Yeah..I read this then..George was saving them I think for a later possible solo album but wanted to prove his point that…he and his songs were overlooked and he was unfairly treated. I enjoyed George’s LIB songs and b side but didn’t think they were his best, compared to ATMP songs.
Images before tragedies
It was quite illuminating to see this moment with video. To me, it looked like John was clearly just joking around. And it appeared to me that George may have accepted John’s tomfoolery as just that. In the next sequence, John is dancing to the song; he seems to accept Michael Lindsay-Hogg’s proclamation that it would be in, and add variety to, the TV special.
I am learning it is a bit hard to interpret audio comments without the benefit of the visuals. It’s perhaps led to some imprecise Beatle lore over these past 50 years.
Similarly, when George says, “I think we should forget the whole idea [of the TV special / performance]”, he flashes a wry smile, like he’s just pulling MLH’s leg, like he was just joking around.
Sounds like George wasn't, at that moment, against the idea of performing a concert, perhaps not at any point.
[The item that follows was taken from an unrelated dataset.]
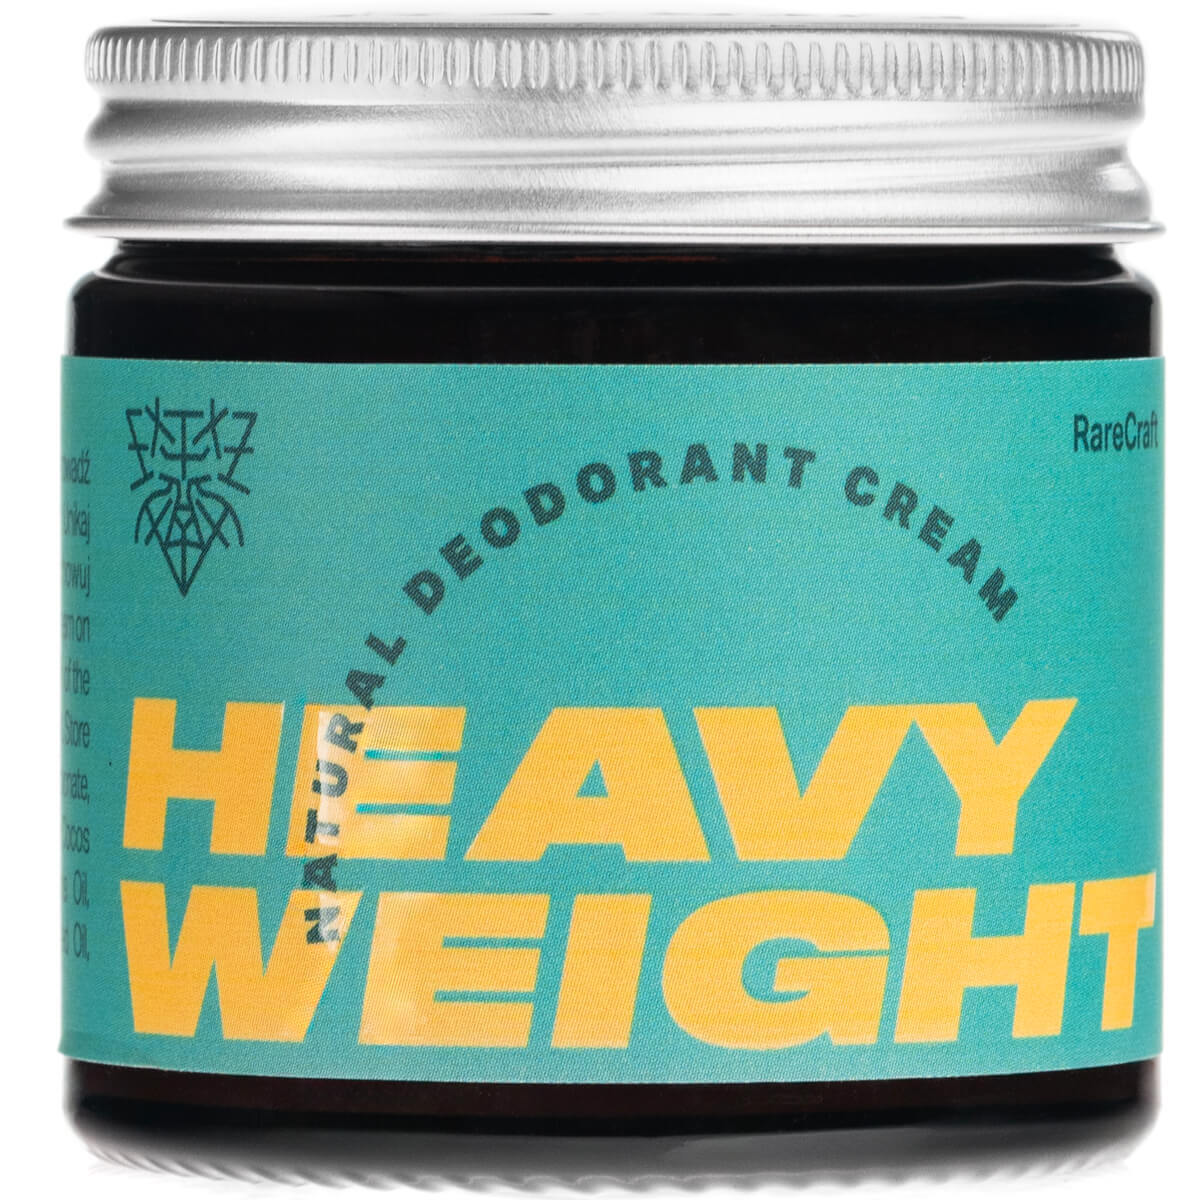 RareCraft Heavyweight, Deodorant Cream

Sure, he didn’t like the trajectory they were on, but it seemed to have more to do with the evermore dysfunctional John and Paul show, plus maybe the where, when, and how of doing the live show. He didn’t leave due to being against any live show at all, IMHO.
Closer to 8.
Yeah very true. Guess I was speaking more in the literal sense in that he had so many songs stockpiled. It’s a shame, because All Things Must Pass in particular could have been a wonderful Beatles tune.